### Material provided

= Beginning of Section =

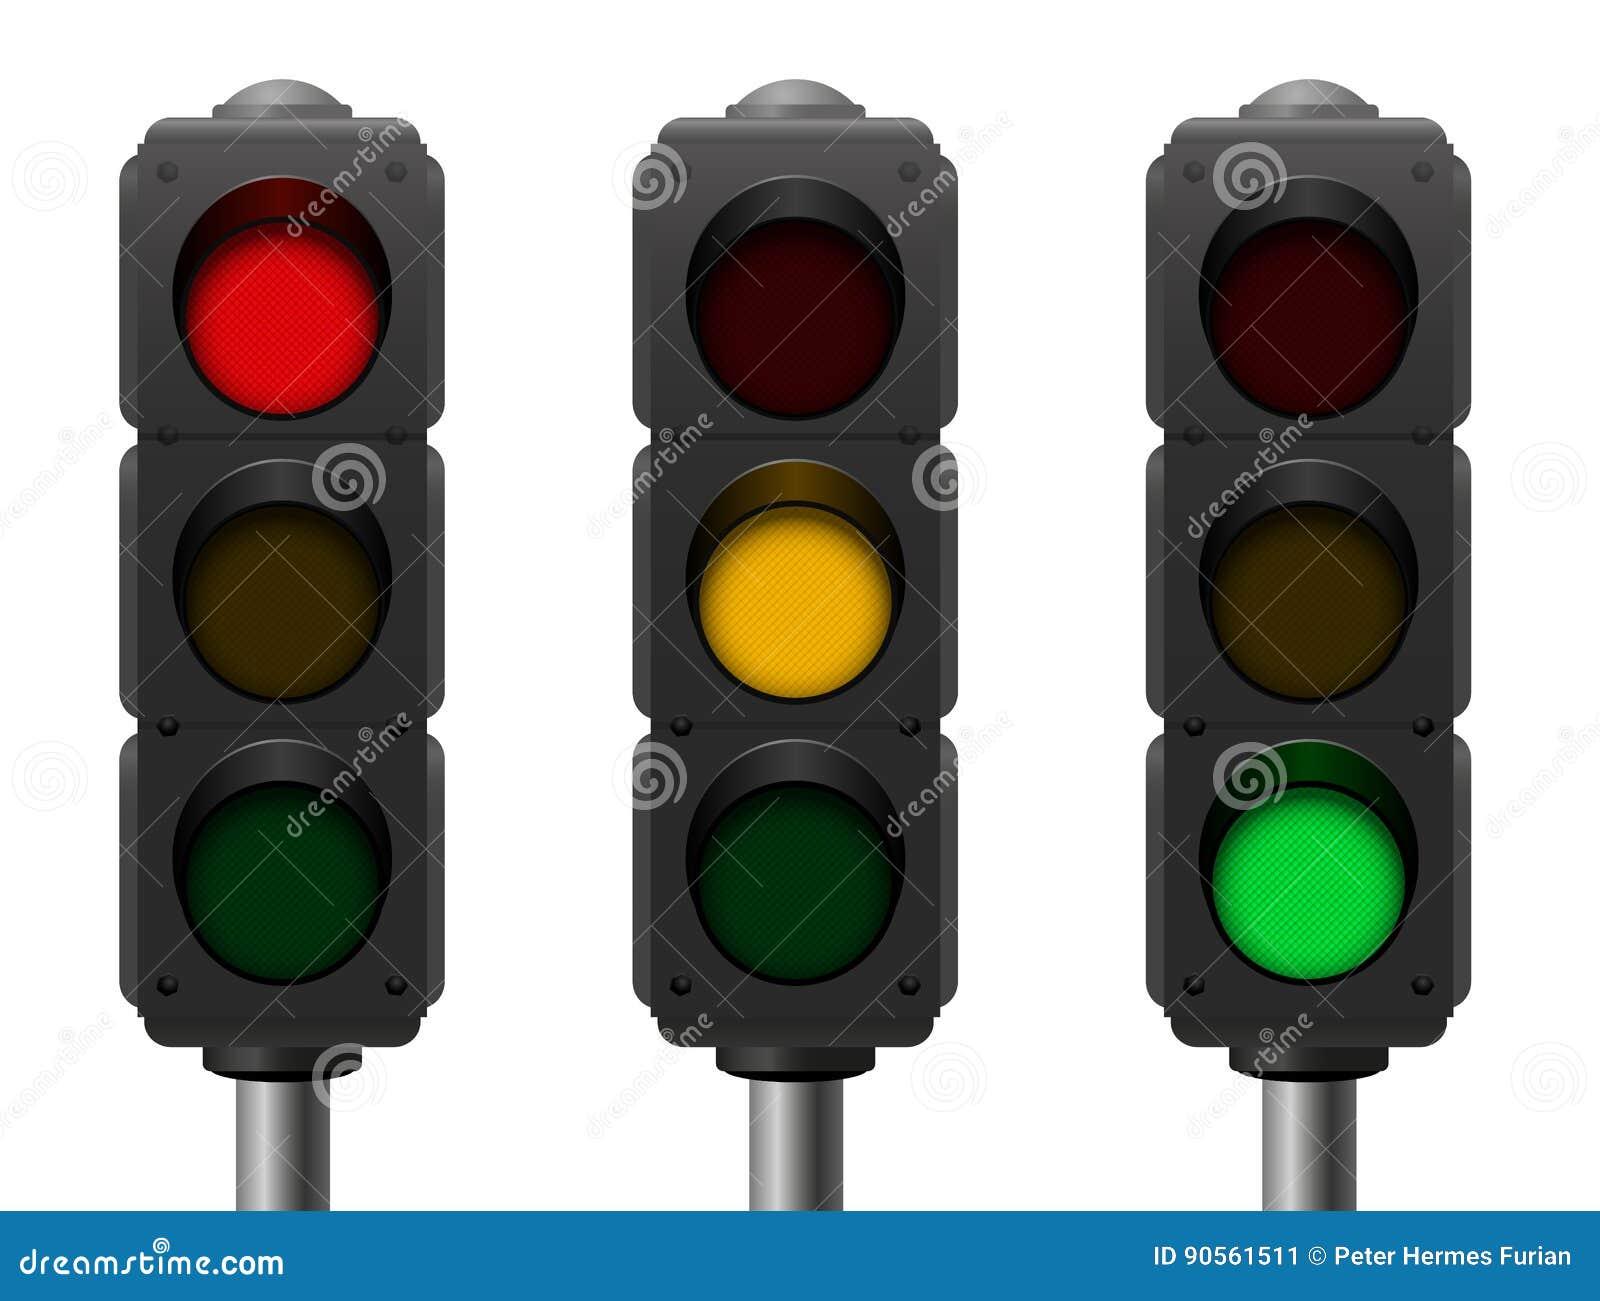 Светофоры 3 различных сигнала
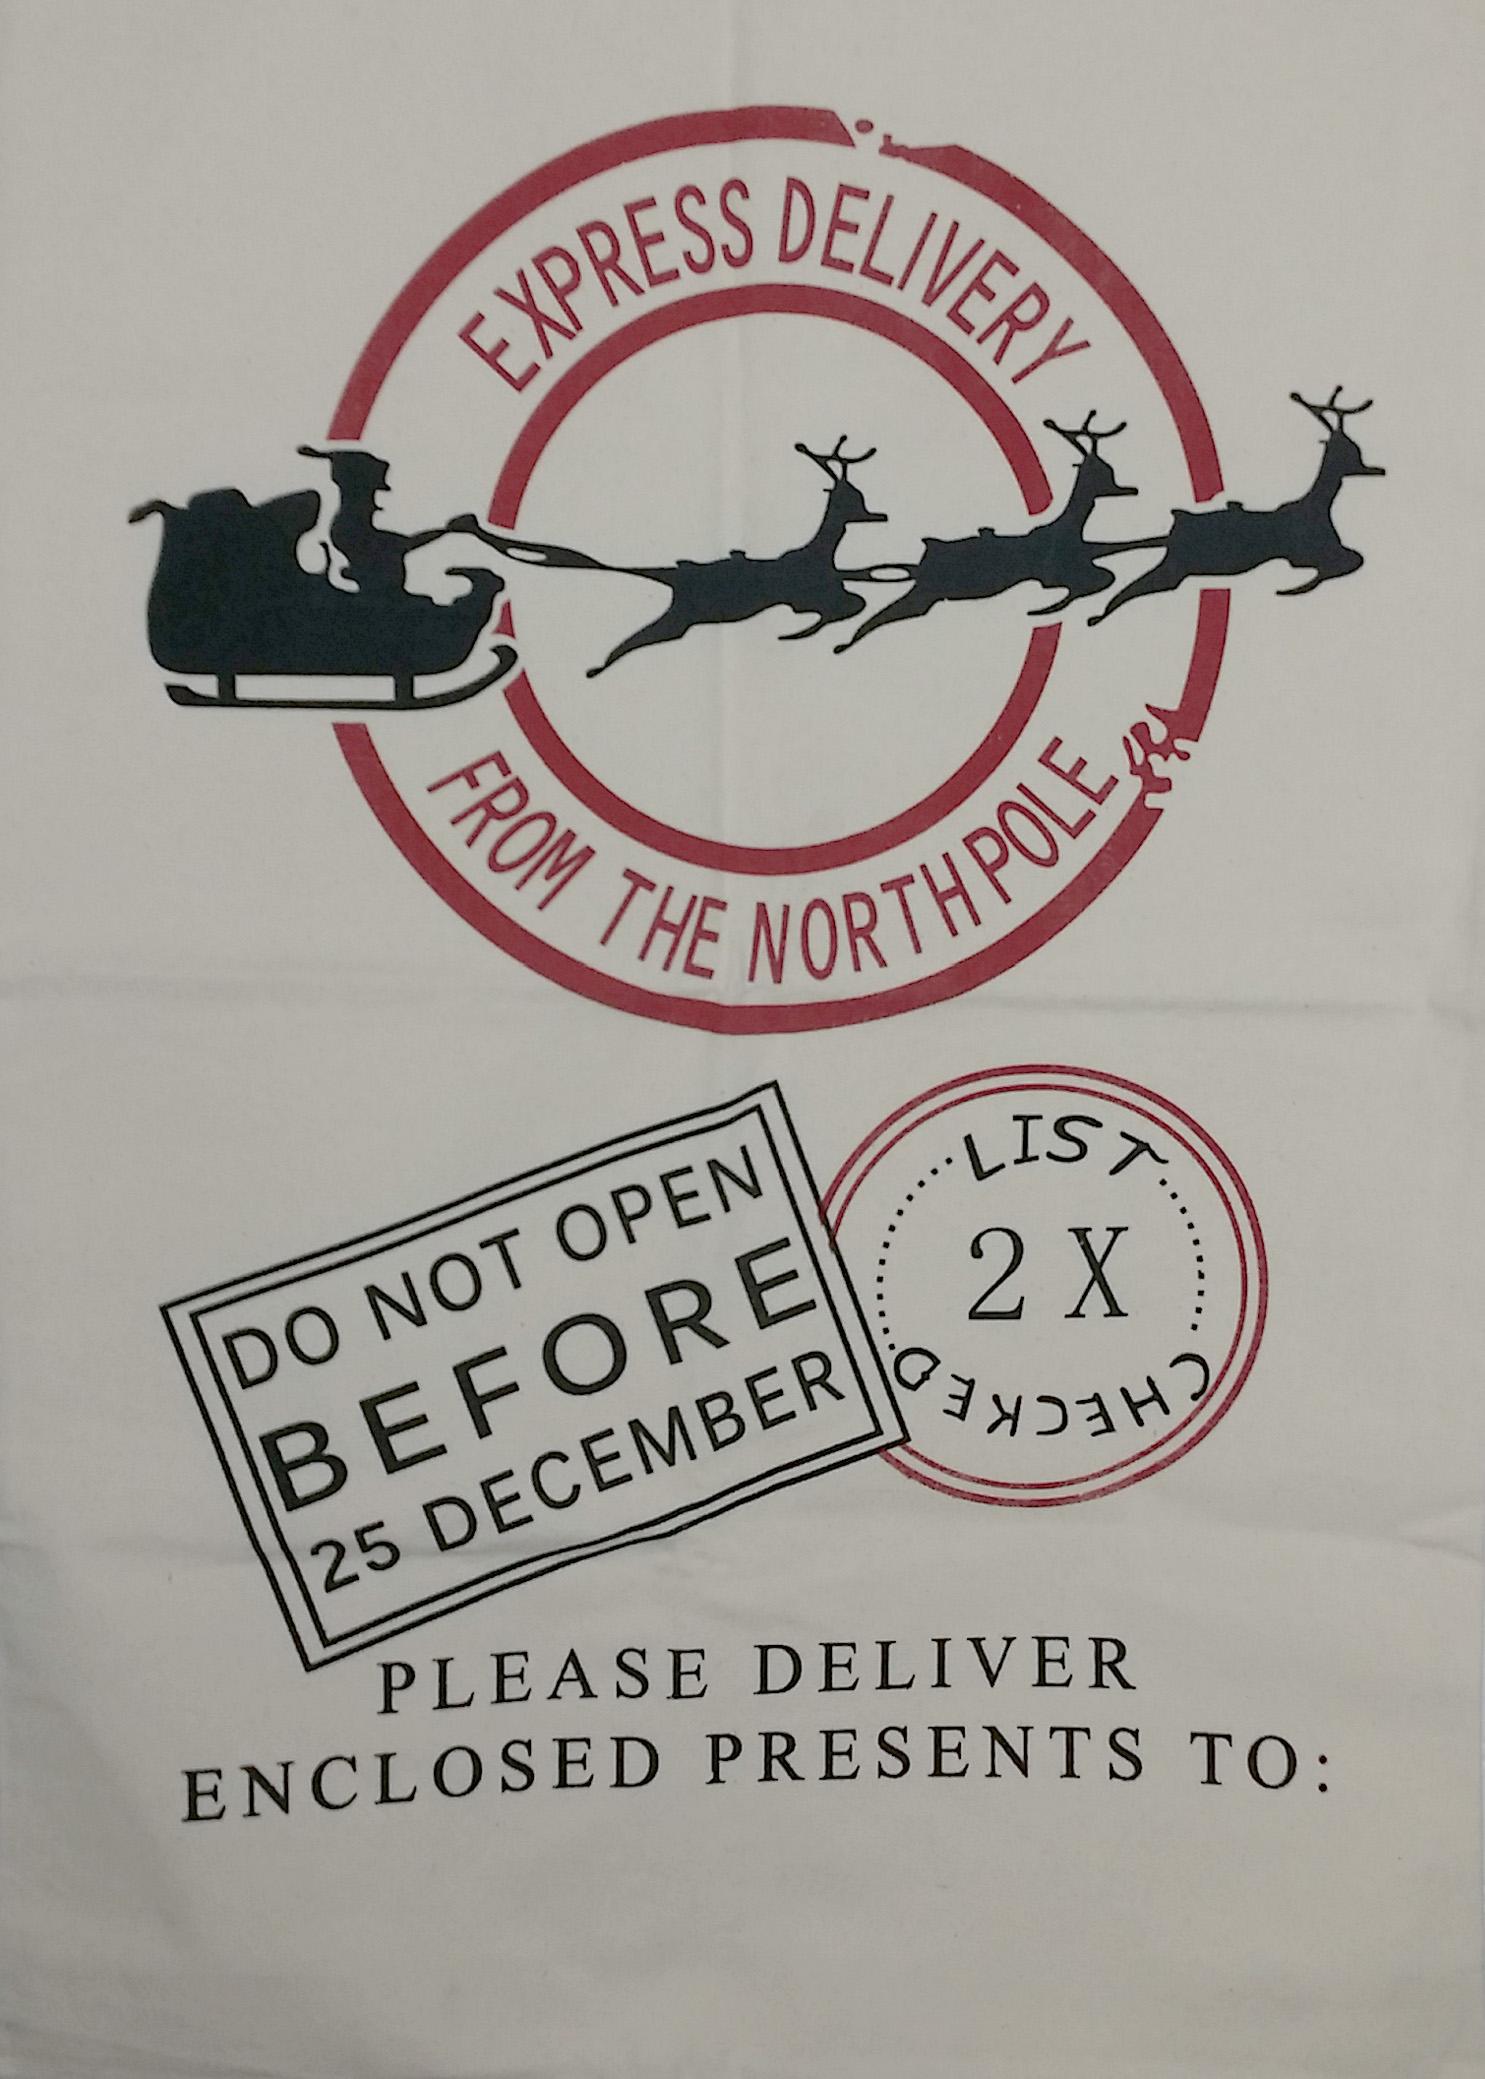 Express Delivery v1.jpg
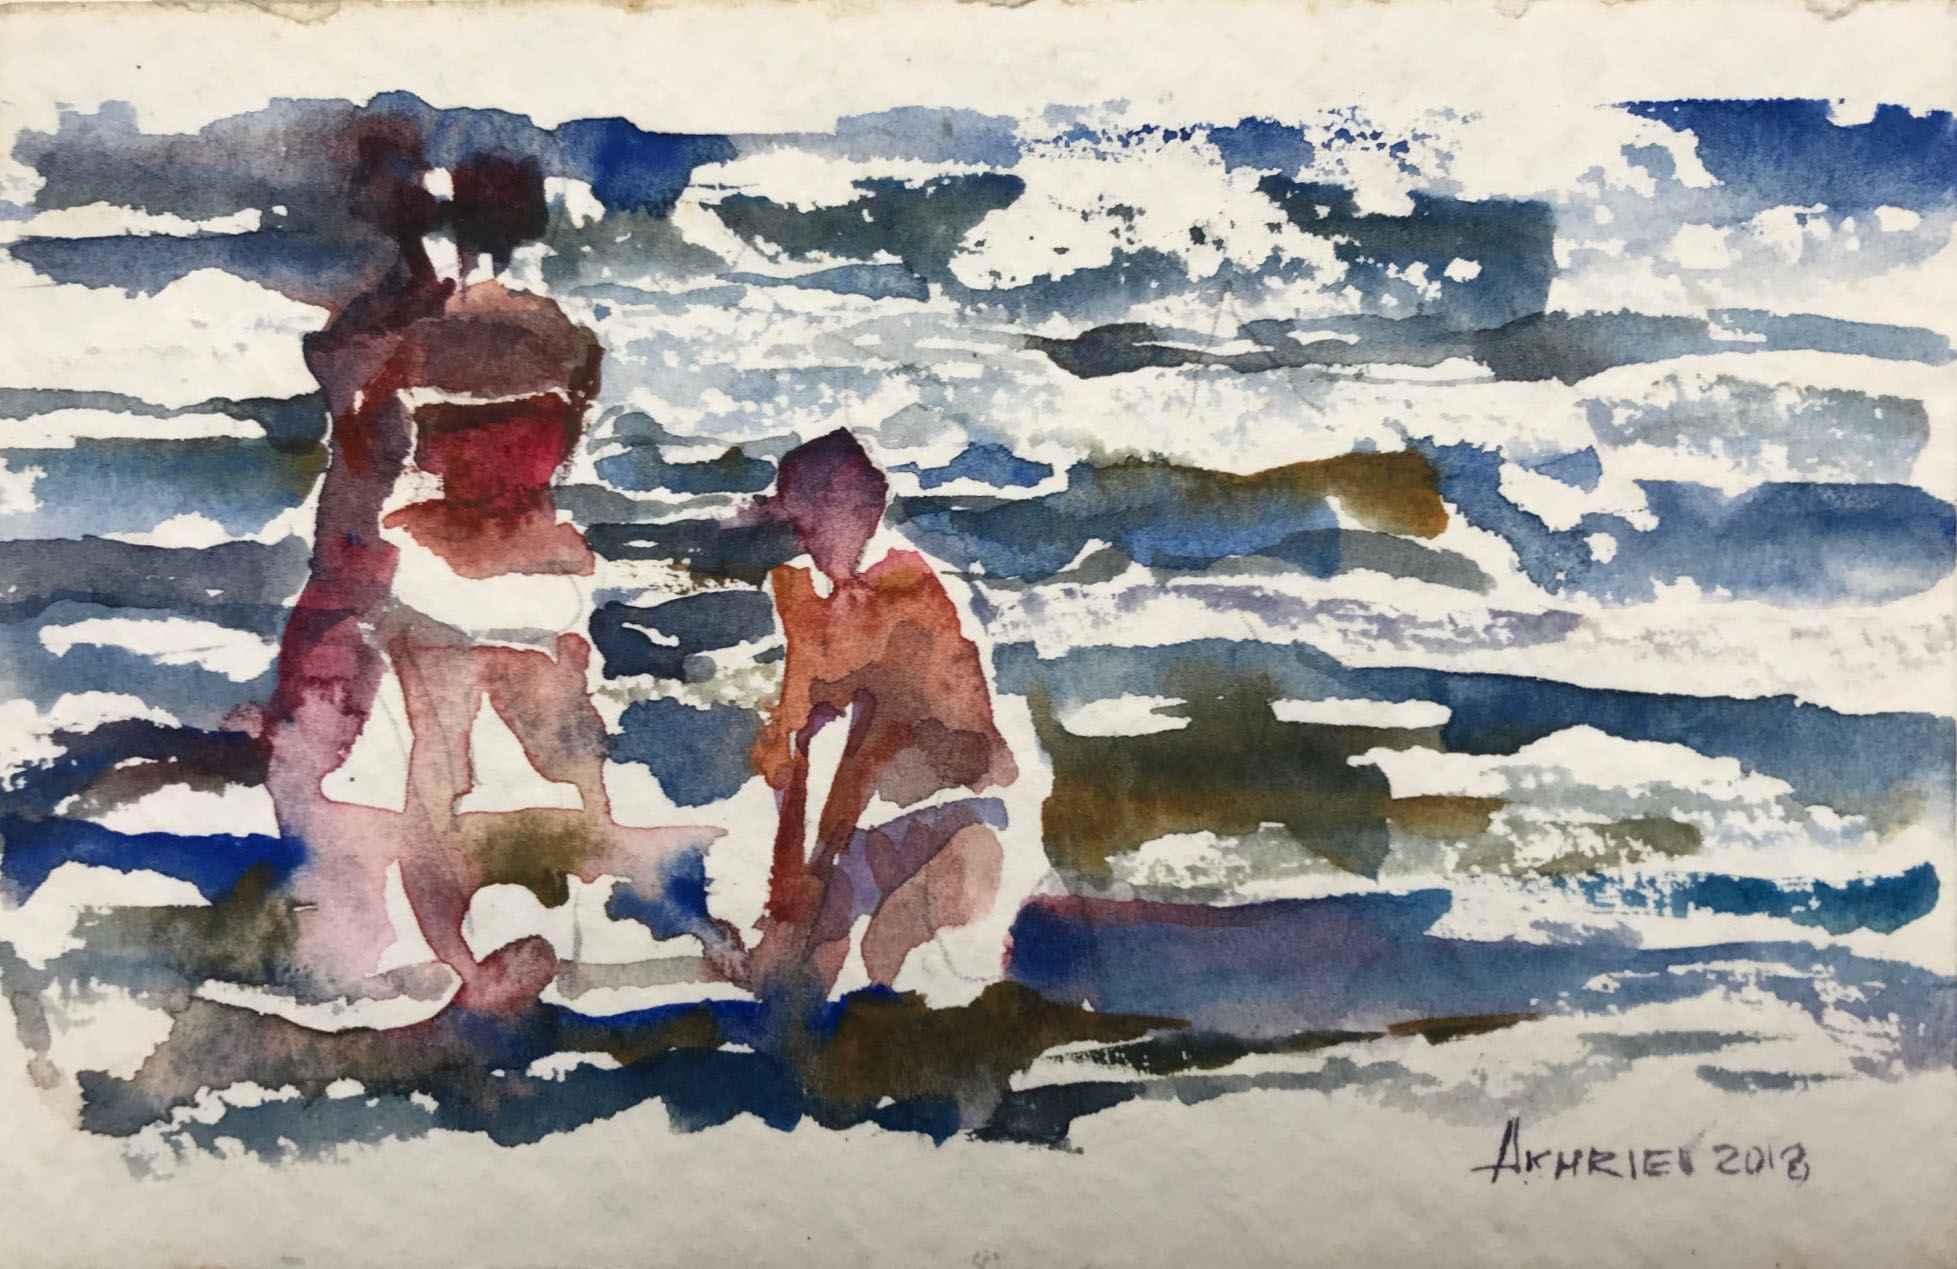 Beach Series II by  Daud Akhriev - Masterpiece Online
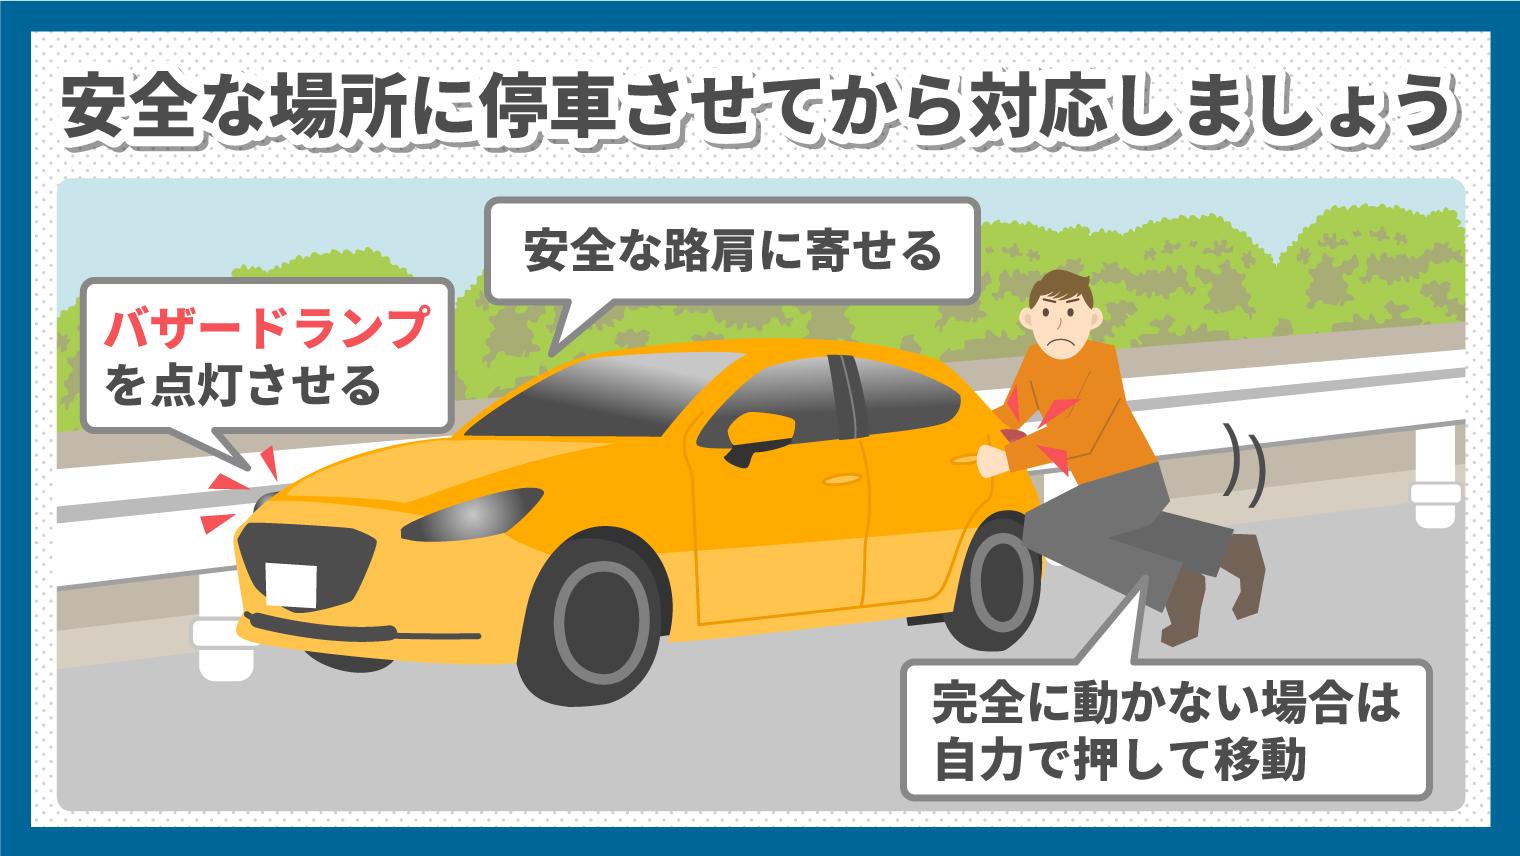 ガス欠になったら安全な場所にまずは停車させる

= End of Section =

### Your objective
All of the material goes into the answer exactly as it stands, except for the pictures.

### Task response
 Светофоры 3 различных сигнала
 Express Delivery v1.jpg
 Beach Series II by  Daud Akhriev - Masterpiece Online
 ガス欠になったら安全な場所にまずは停車させる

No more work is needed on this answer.